Why is the length of a string in Foreign.C.String defined as Int and not as CSize?

The Foreign.C.String module contains the type

-- | A string with explicit length information in bytes instead of a
-- terminating NUL (allowing NUL characters in the middle of the string).
type CStringLen = (Ptr CChar, Int)

However, as far as I understand, string lengths are conventionally given as size_t in C, i.e., Foreign.C.Types.CSize in Haskell. E.g., that’s the type returned by strlen. As a result, my code is often riddled with calls to fromIntegral to convert from Int to CSize, which is annoying.
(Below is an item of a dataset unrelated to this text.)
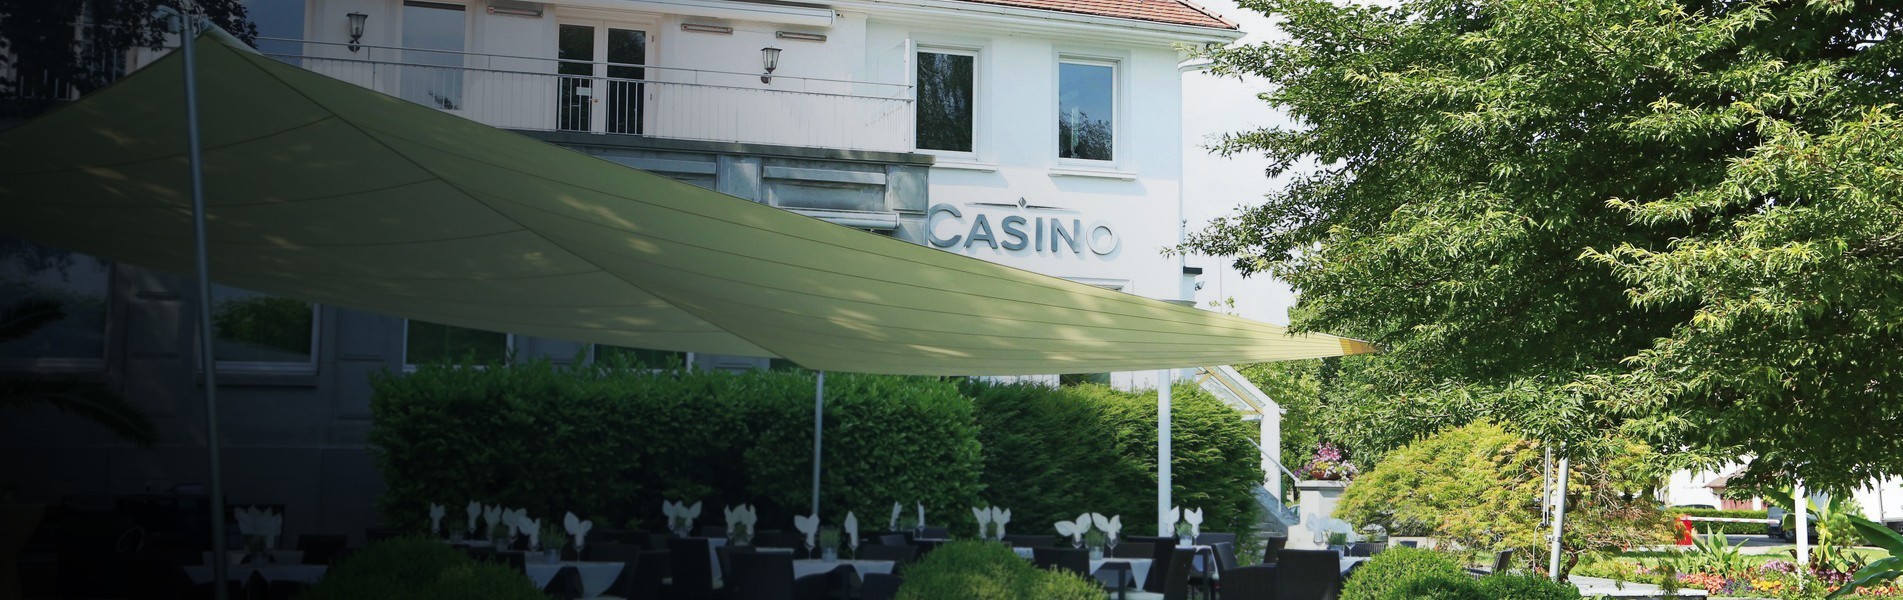 Casino Konstanz 1
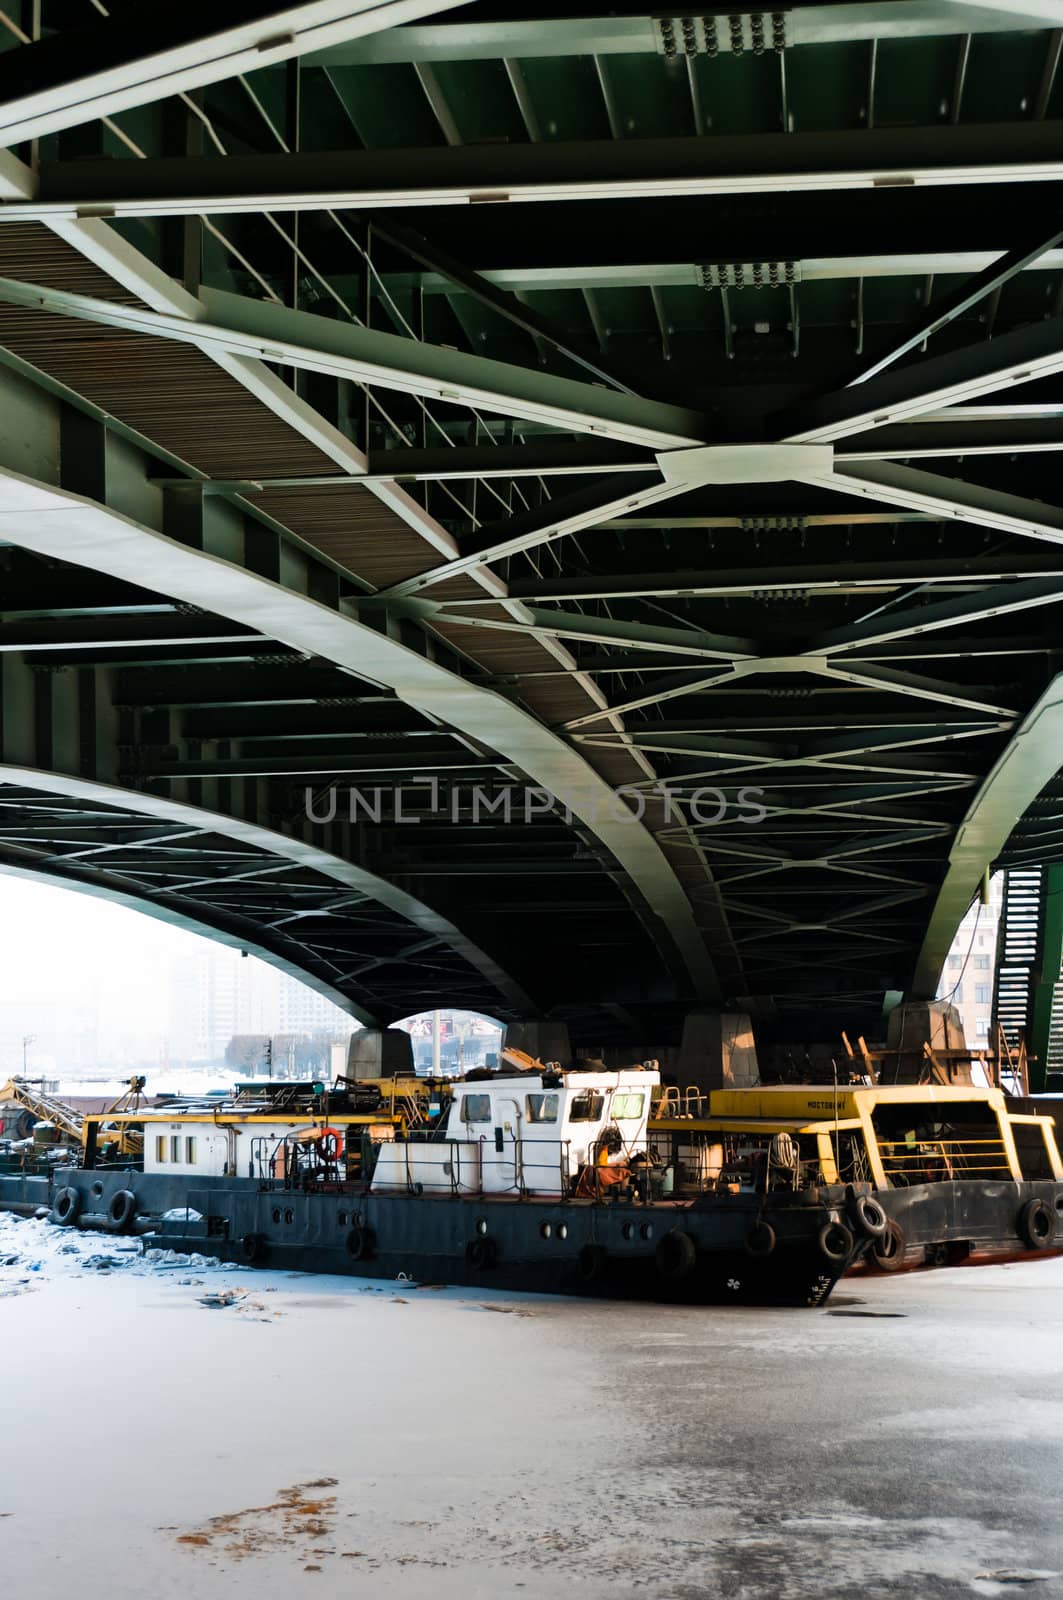 Tugs under the green bridge by dmitryelagin

Is this just a historical accident, or does it have a deeper meaning? If the former, is there any chance this can be changed in future versions of base? How would one go about that?

2 Likes

There was some discussion earlier this year about Int being used in places where an unsigned type would be better. See these threads on Haskell Cafe:

If you have a concrete proposal to change base, take a look at core-libraries-committee/PROPOSALS.md at main · haskell/core-libraries-committee · GitHub.

1 Like

I think the posts @sjakobi links are suggesting changing Int to Natural, because that is theoretically the proper type of these functions. But using CSize for compatibility with C is mostly different matter in my opinion.

An argument against size_t is mentioned in the great presentation “What about the natural numbers?” (at 36:44). The summary is that size_t should probably not be used because implicit casting signed to unsigned and vice versa is not a very good idea. But I don’t think that applies here, because Haskell doesn’t have implicit casting.

1 Like